Ardozyga haemaspila

Scientific classification
- Kingdom: Animalia
- Phylum: Arthropoda
- Clade: Pancrustacea
- Class: Insecta
- Order: Lepidoptera
- Family: Gelechiidae
- Genus: Ardozyga
- Species: A. haemaspila
- Binomial name: Ardozyga haemaspila (Lower, 1894)
- Synonyms: Gelechia haemaspila Lower, 1894; Protolechia haemaspila; Gelechia nana Lower, 1894;

= Ardozyga haemaspila =

- Authority: (Lower, 1894)
- Synonyms: Gelechia haemaspila Lower, 1894, Protolechia haemaspila, Gelechia nana Lower, 1894

Species of moth

Ardozyga haemaspila is a species of moth in the family Gelechiidae. It was described by Oswald Bertram Lower in 1894. It is found in Australia, where it has been recorded from New South Wales and South Australia.

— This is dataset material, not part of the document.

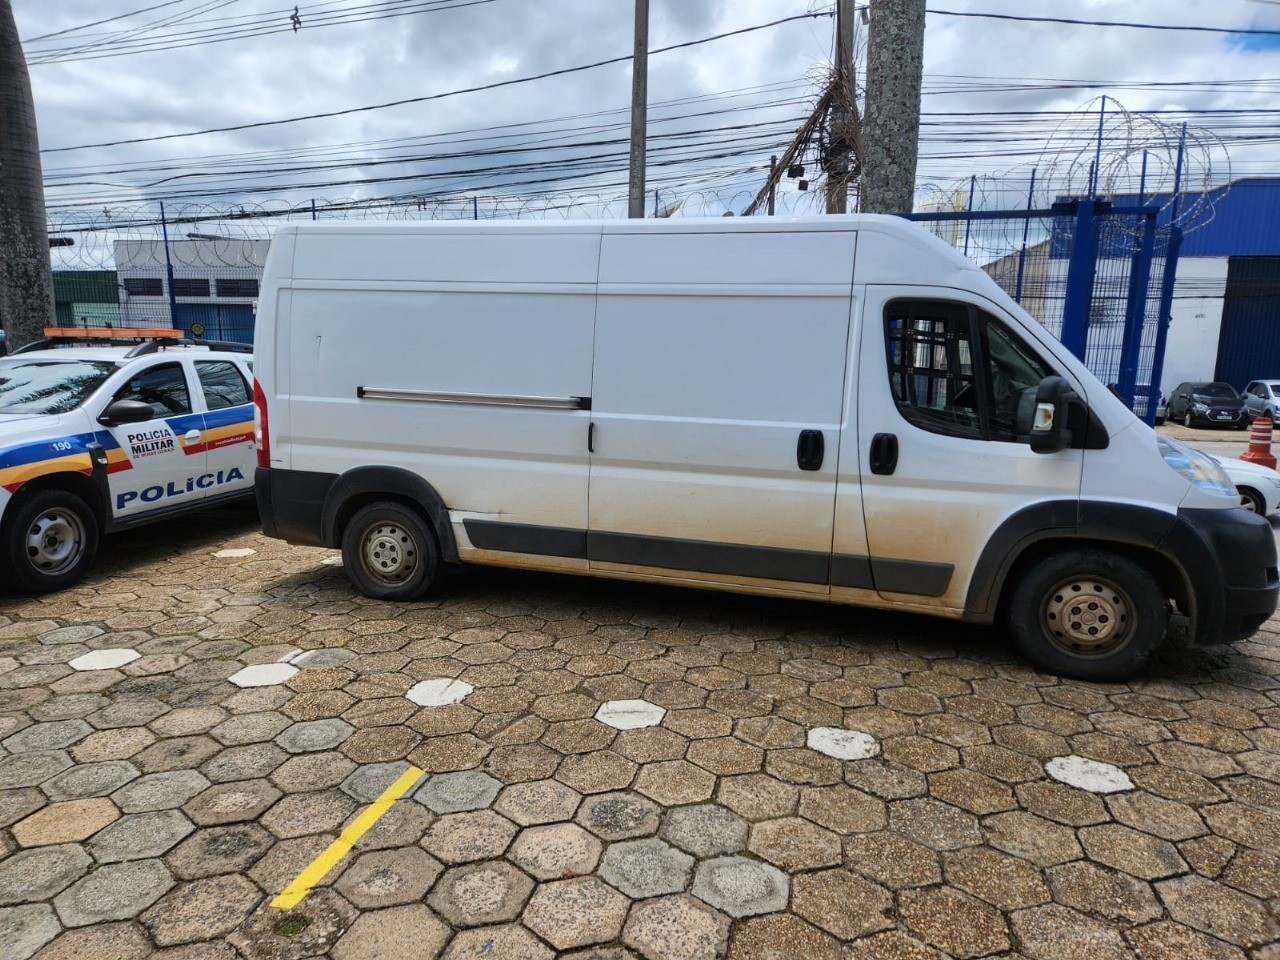 Quadrilha de SP é presa após roubo de carga de cigarros em bairro de Pouso Alegre, MG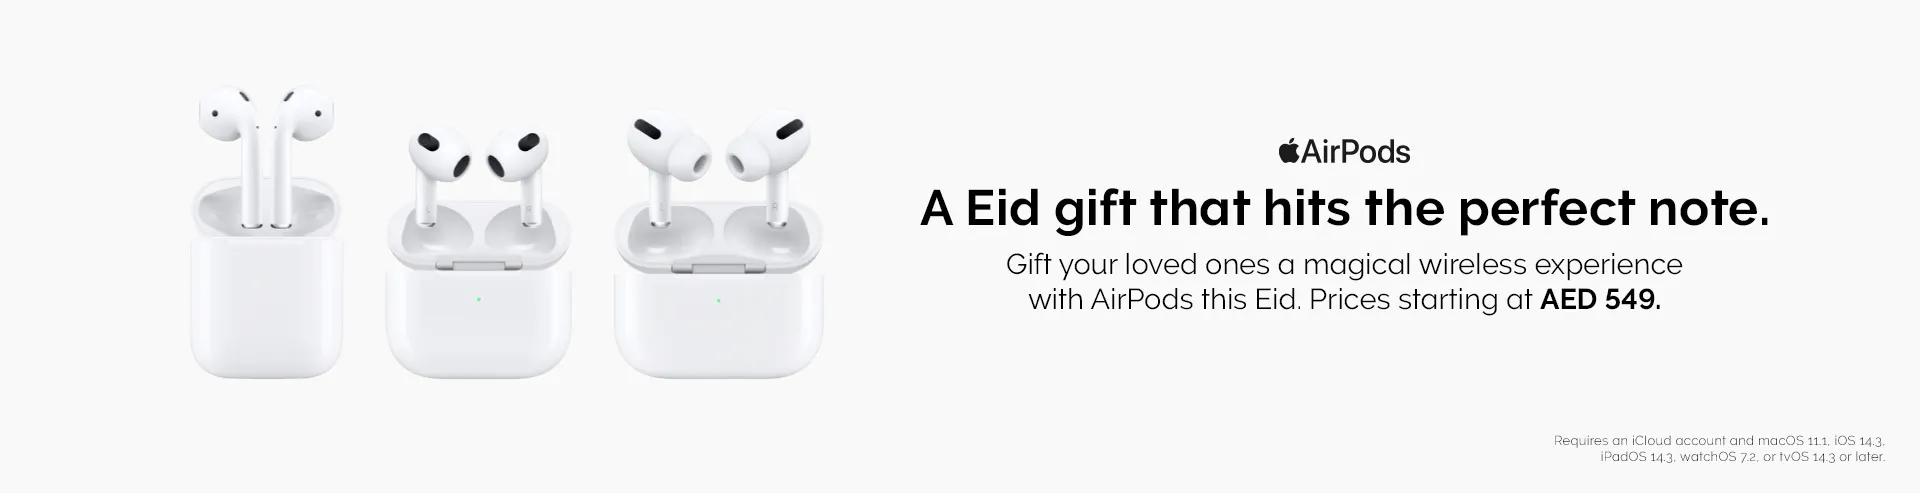 Full-Width-Large-AirPods-Eid-Gifting-UAE-Desktop.webp

The wingspan is 15–16 mm. The forewings are pale ochreous, variably tinged with reddish, whitish, or brownish, the veins often marked with streaks of dark fuscous irroration (sprinkles). There are about six more-or-less indistinct small dark fuscous spots on the costa and a reddish-ochreous dot on the dorsum at one-fourth, and another (sometimes blackish) in the disc above it. A transverse reddish-ochreous or ferruginous blotch is found in the disc at two-fifths, sometimes edged with dark fuscous and whitish, sometimes very indistinct. The second discal stigma is blackish, usually with a similar dot beneath it and there is sometimes a black streak along the fold from near the base to the middle, and another in the disc from two-fifths to the termen beneath the apex. The hindwings are grey.